Albendazole
Mechanism :
Albendazole is a broad spectrum anti-helminthic.
The principal mode of action for albendazole is by its inhibitory effect on tubulin polymerization which results in the loss of cytoplasmic microtubules in the intestines of nematodes worms, ultimately causing energy depletion and death of the organism.
Indication :
- Neurocysticercosis (Taenia Solium Tapeworm)
- Hydatid disease (Echinococcus Tapeworm)
- Strongyloidiasis
- Ascariasis
- Hookworm
- Pinworm
- Trichiasis
- Fluke (Clonorchis sinensis)
- Gnathostomiasis
- Microsporidiosis
- Cutaneous and Visceral larva migrans
Contraindications :
Albendazole is contraindicated in patients with known hypersensitivity to benzimidazole class of compounds, and in pregnancy.
Dosing :
Whipworm, threadworm, hookworm, ascariasis:
2-18 years: 400 mg single dose.
Strongyloidosis, tapeworm:
Children ≤10 kg: Oral: 200 mg once daily for 3 days; may repeat course in 3 weeks.
Children >10 kg and Adolescents: Oral: 400 mg twice daily for 7 days.
Neurocysticercosis and Hydatid disease:
<60 kg: 15 mg/kg/day orally divided into 2 doses in a day for 8-30 days for neurocysticercosis and for 28 days in hydatid disease followed by 14 drug-free days; given in 3 cycles. Maximum total daily dose, 800 mg.
>60 kg: 400 mg orally twice a day for 8-30 days in neurocysticercosis and for 28 days in hydatid disease followed by 14 drug-free days; given in 3 cycles.
Enterobius (pinworm):
400 mg once orally, repeated in 2 weeks.
Fluke (Clonorchis Sinensis):
10 mg/kg orally every day for 7 days.
Gnathostomiasis, Microsporiodiosis:
400 mg twice daily for 21 days.
Larva migrans:
Cutaneous: 400 mg oral every day for 3 days.

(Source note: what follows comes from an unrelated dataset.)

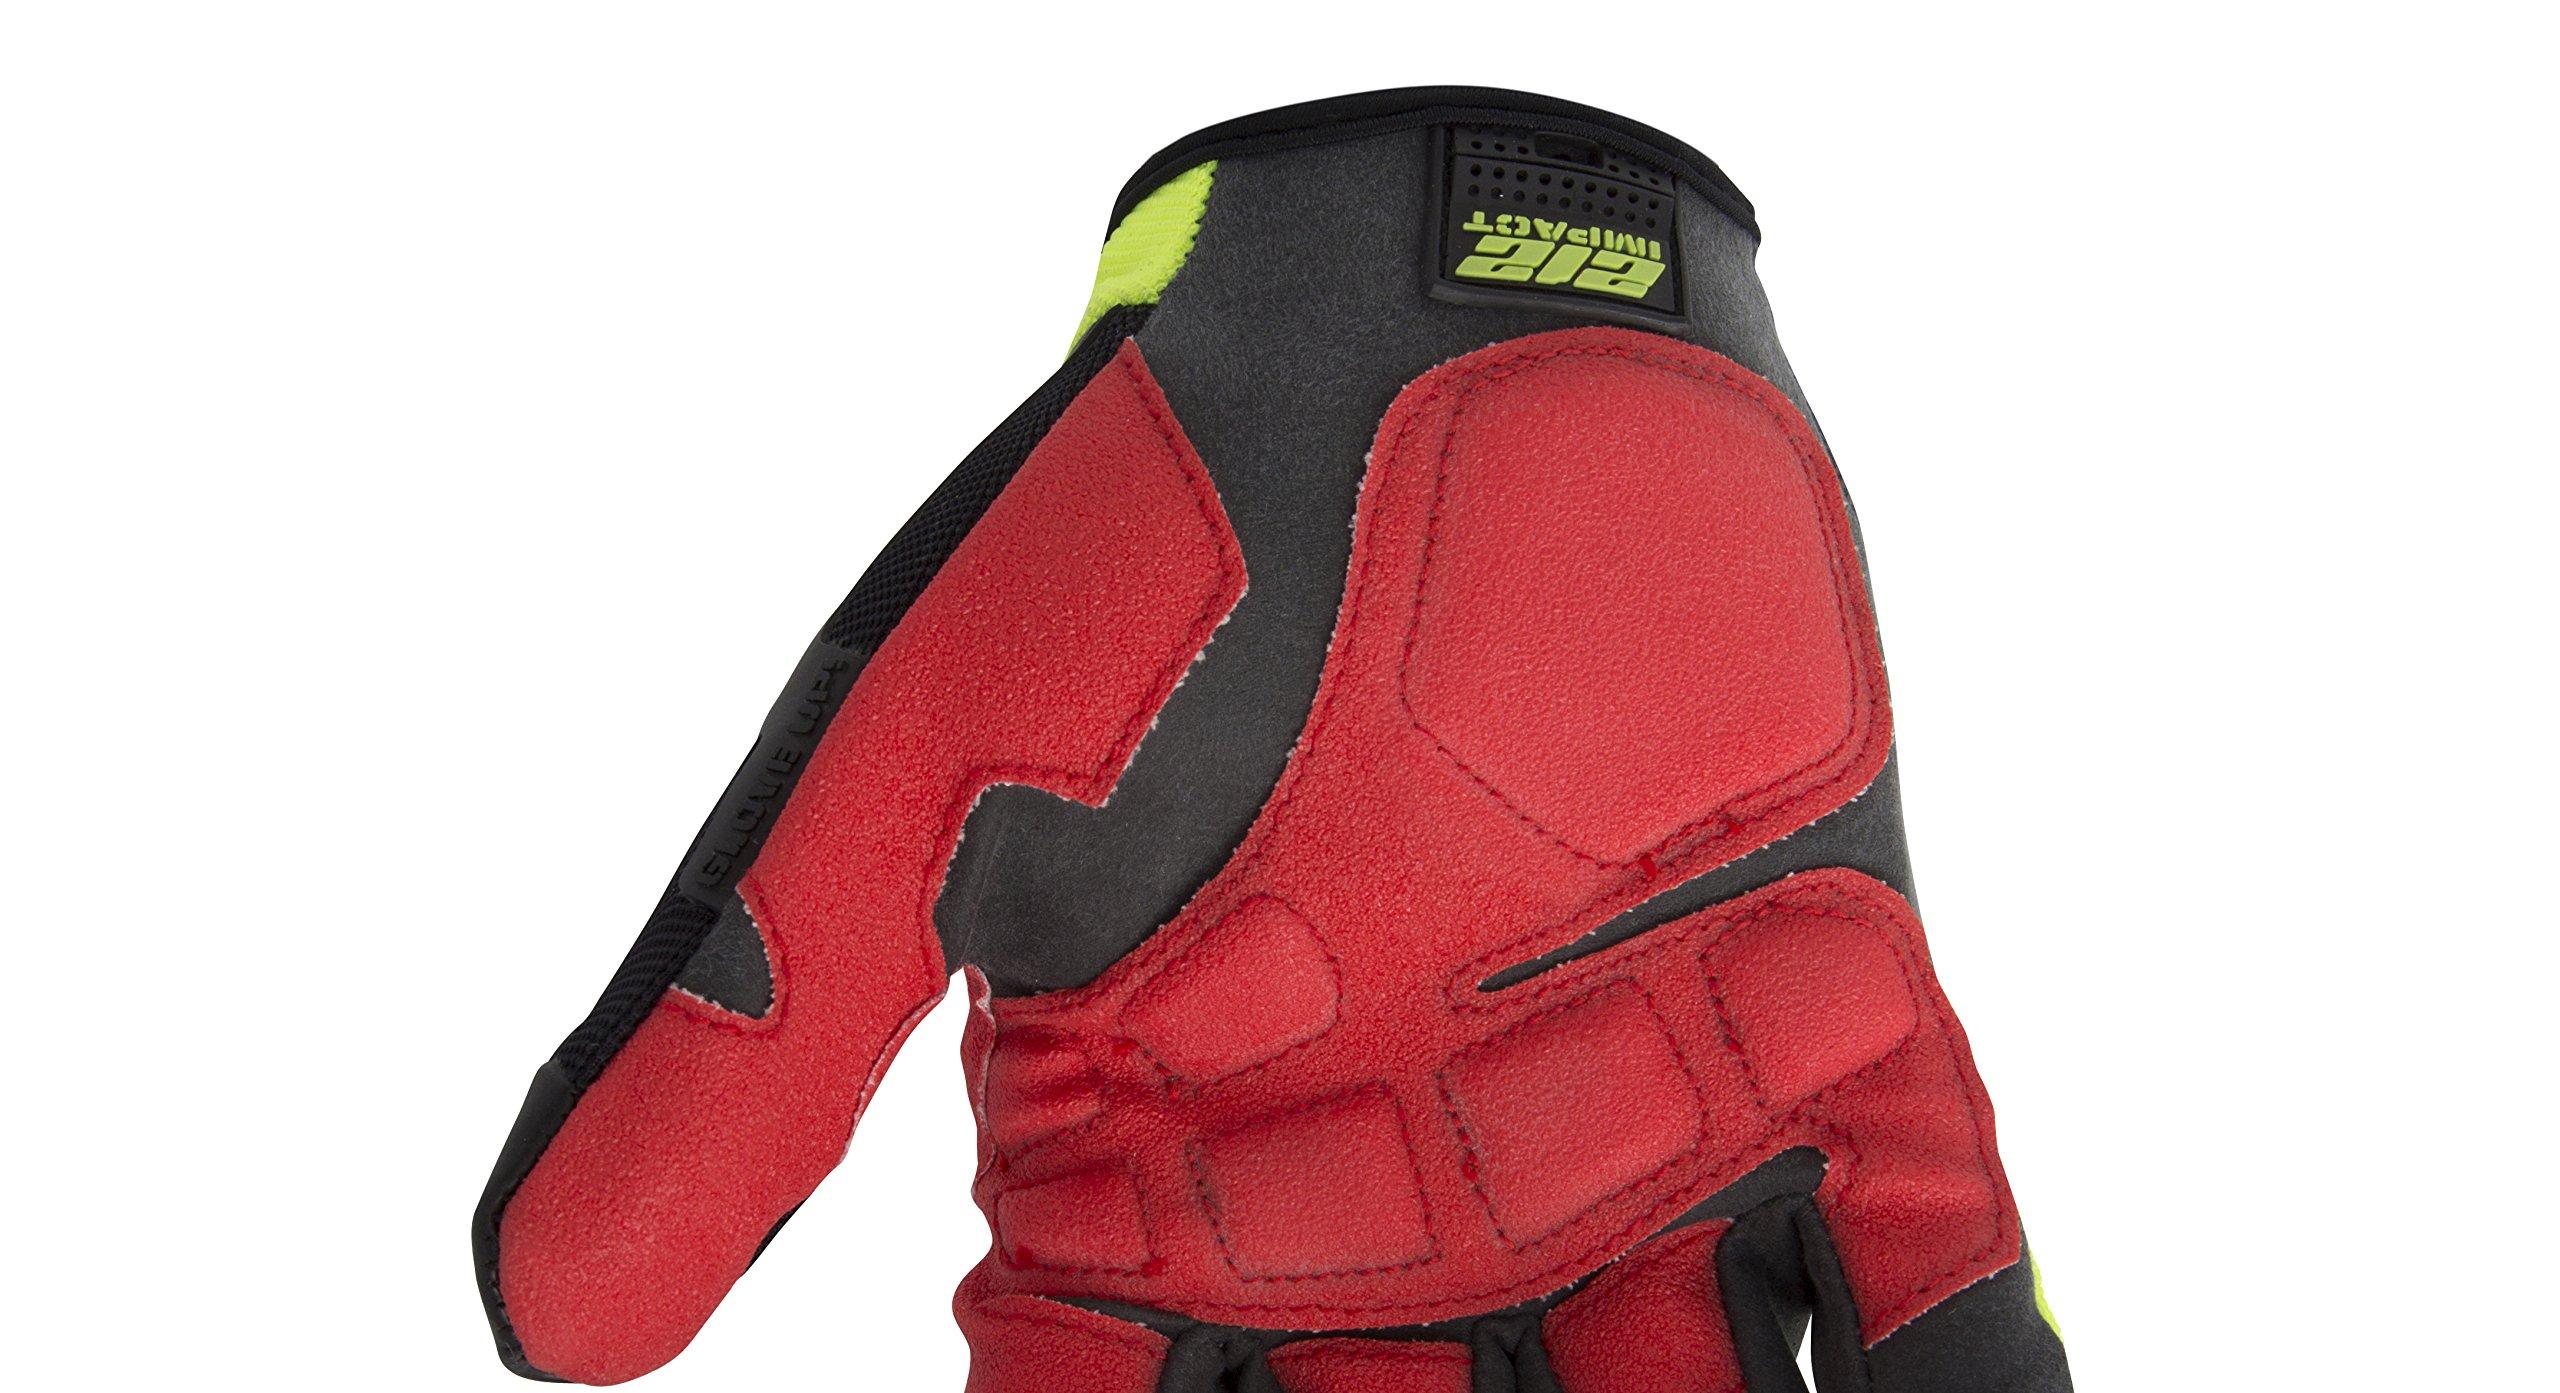 212 Performance Gloves IMP-88-009 Super Hi-Vis Impact Gloves, Medium by 212 Performance Gloves (Image #6)

Visceral: 400 mg oral twice daily for 5 days.
Adverse Effect :
Abdominal pain, nausea, vomiting, abnormal liver function tests, headache, dizziness, vertigo, meningeal signs, raised intracranial pressure, reversible alopecia, fever, leukopenia, thrombocytopenia.
Interaction :
Theophylline, Anti-coagulants, Anti-convulsants, OCPs, Oral Hypoglycaemics: Induces cytochrome P450 system.

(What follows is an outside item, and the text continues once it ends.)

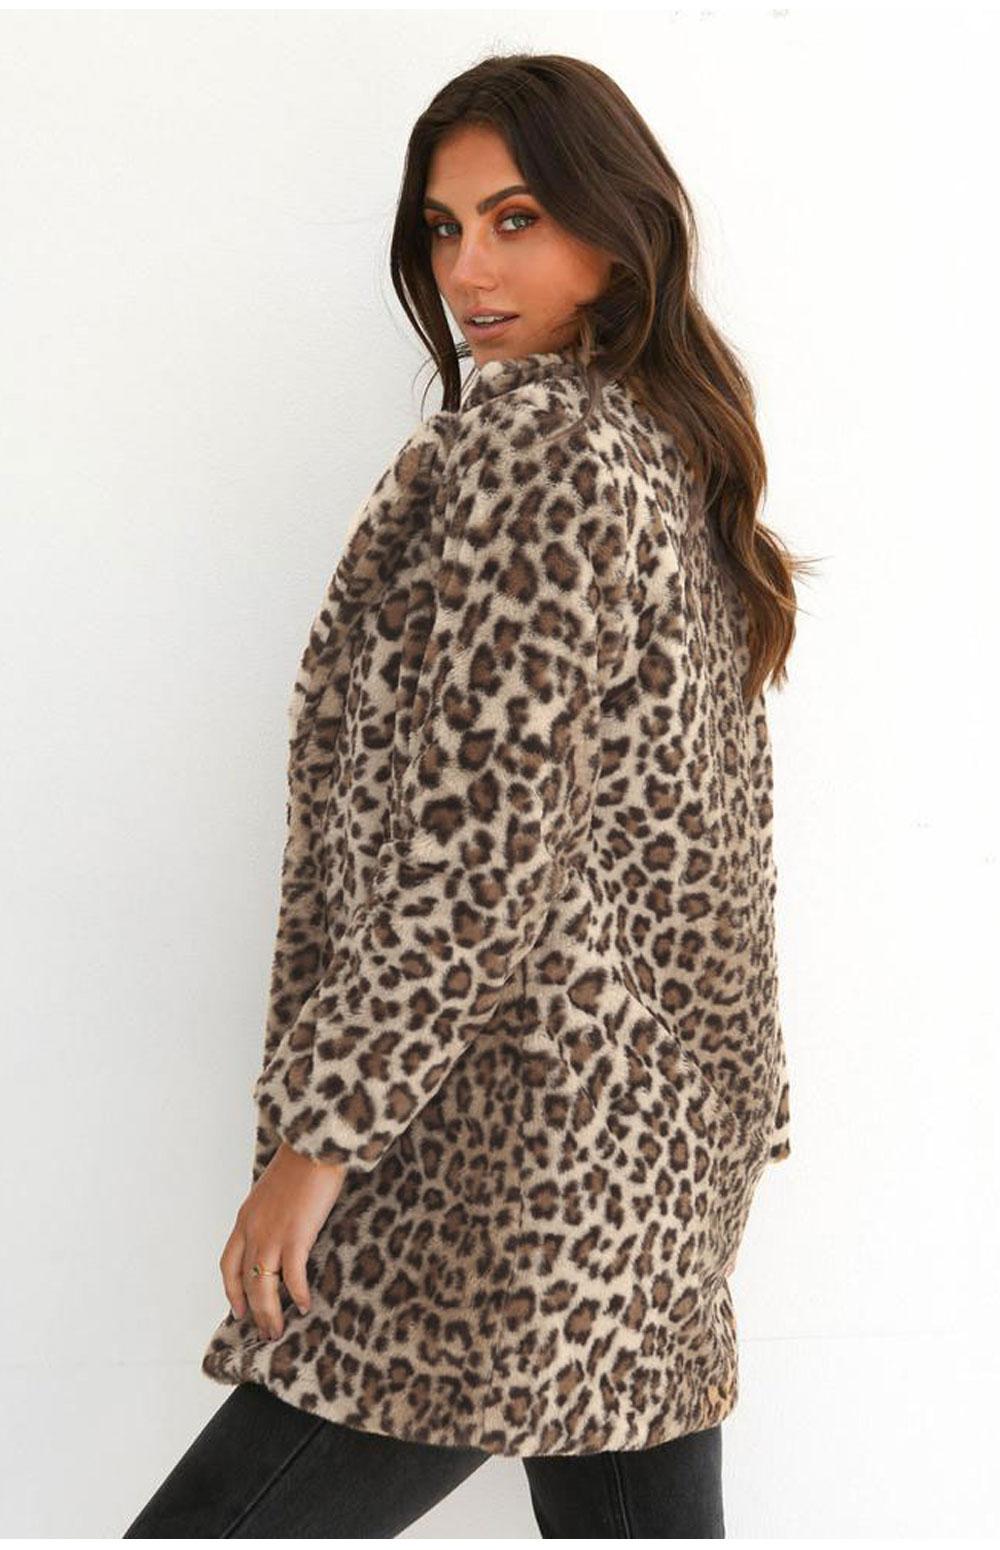 HTB1u3PkXEjrK1RkHFNRq6ySvpXas Hirigin 2018 Newest Hot Womens Winter Leopard Fluffy Fleece Jacket Coat Cardigans Hooded Jumper Tops Clubwear

Dexamethasone, Cimetidine, Praziquantel: Plasma concentrations increased.
Aminoquinolines (Antimalarial): May decrease the serum concentration of Anthelmintics.
Renal Dose :
Dose in Renal Impairment GFR (mL/min)
20-50 | Dose as in normal renal function |
10-20 | Dose as in normal renal function |
<10 | Dose as in normal renal function |
Dose in Patients undergoing Renal Replacement Therapies
CAPD | Unlikely dialysability. Dose as in normal renal function |
HD | Not dialysed. Dose as in normal renal function |
HDF/High flux | Unknown dialysability. Dose as in normal renal function |
CAV/VVHD | Unlikely dialysability. Dose as in normal renal function |
Hepatic Dose :
With extrahepatic biliary obstruction, the elimination of albendazole is prolonged. Use with caution.